"Will you give the man up."
"I won't see him, if that will please you."
"No. It doesn't please me. You must give him up, and engage yourself to Mr. Walker or to Mr. Burgh."
"I cannot--I cannot--" said poor Olivia.
Miss Wharf stamped her foot and bit her lip. "You are as obstinate as your mother was before you," she said savagely. "I shall give you one month to make up your mind, and that is very generous of me. If you surrender Rupert and choose one of the other two, I will not foreclose the mortgage and will leave you five hundred a year."

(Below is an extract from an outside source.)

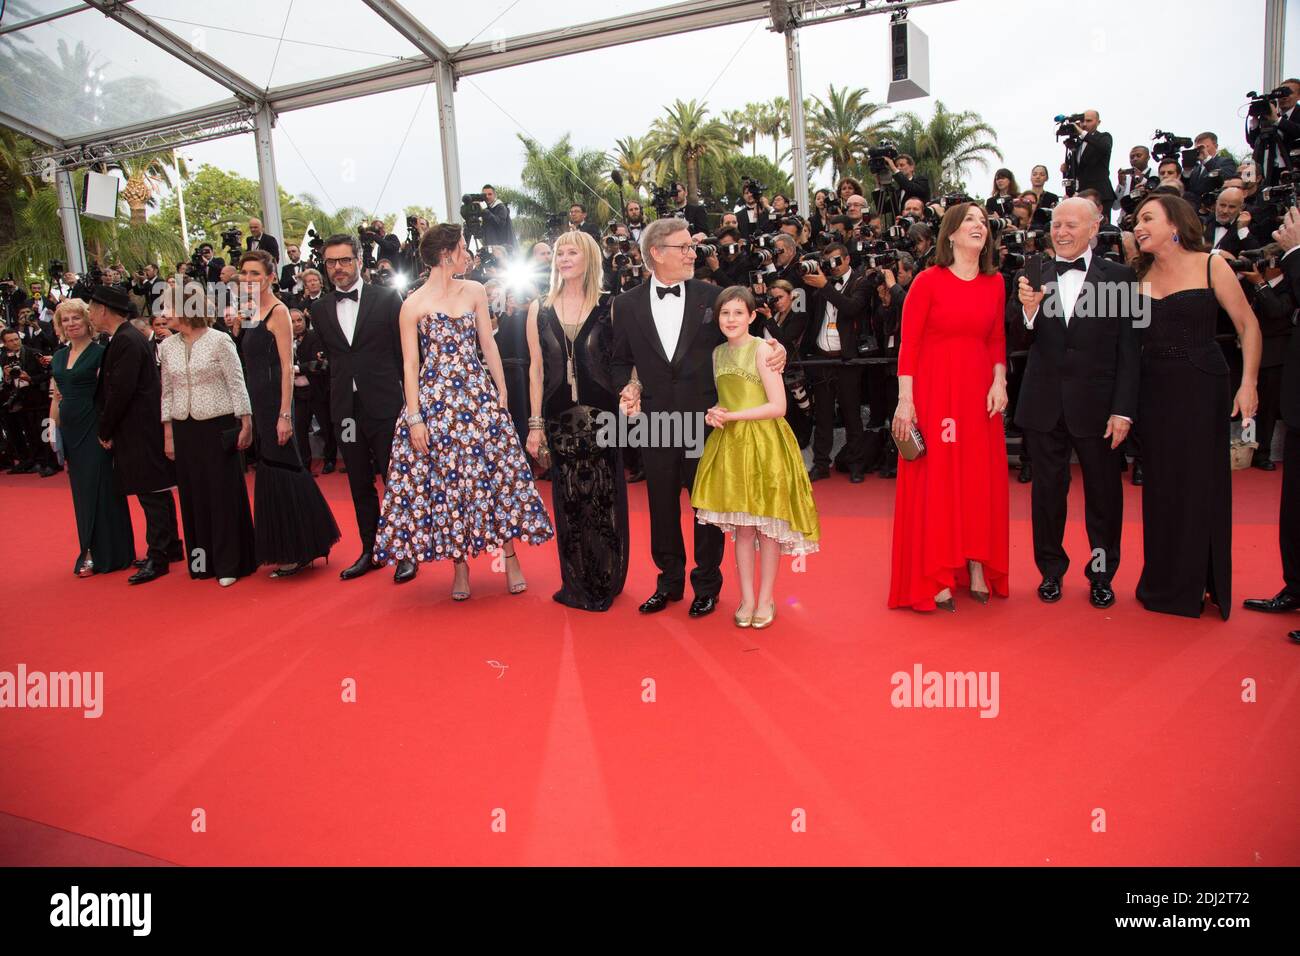 Frank Marshall, Kathleen Kennedy, Kate Capshaw, Steven Spielberg, Ruby Barnhill, Mark Rylance, Claire van Kampen, Lucy Dahl, Penelope Wilton and Jemaine Clement - CANNES 2016 - MONTEE DU FILM 'THE BFG (LE BON GROS GEANT) Photo by Nasser Berzane/ABACAPRESS.COM Stock Photo

"When can you foreclose?" asked Olivia anxiously.
"By the end of the year. So it rests with you, if Rupert Ainsleigh leaves his home in six months or keeps it. Now you can go."
Olivia Rayner was not a girl who would stand dictation. But for some reason or another she meekly bowed her head and went out, leaving Miss Wharf to calm down over her needle-work.

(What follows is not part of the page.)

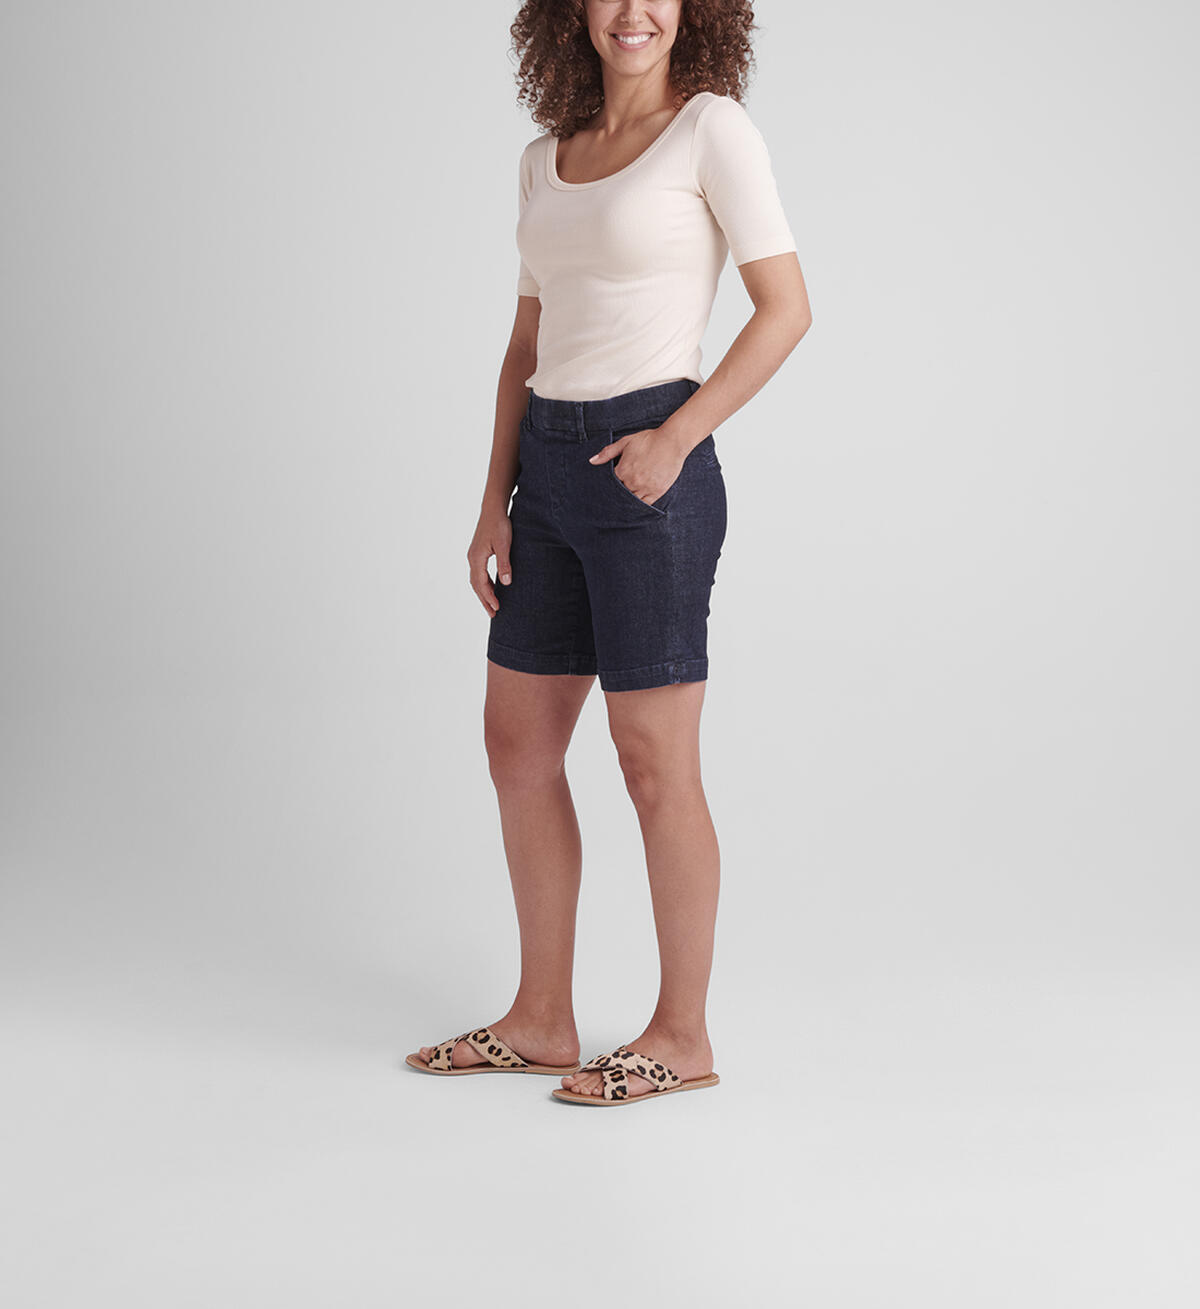 Maddie Mid Rise 8-inch Pull-On Short Petite, , hi-res image number 2

The girl went to her own room, and lay down to think over the situation. What she thought or what plan she conceived, it is difficult to say; but she came down to dinner quite composed. Her aunt looked at her sharply, and Miss Pewsey with suspicion, but neither of them made any remark bearing on the storm. On the contrary Miss Wharf chatted about the ball and talked of her dress and even advised Olivia about her costume. "You will look very well in white," said Miss Wharf.
"But not so lovely as my Sophia in pale blue," said Miss Pewsey with her usual emphasis. "I know you will be the belle of the ball darling Sophia."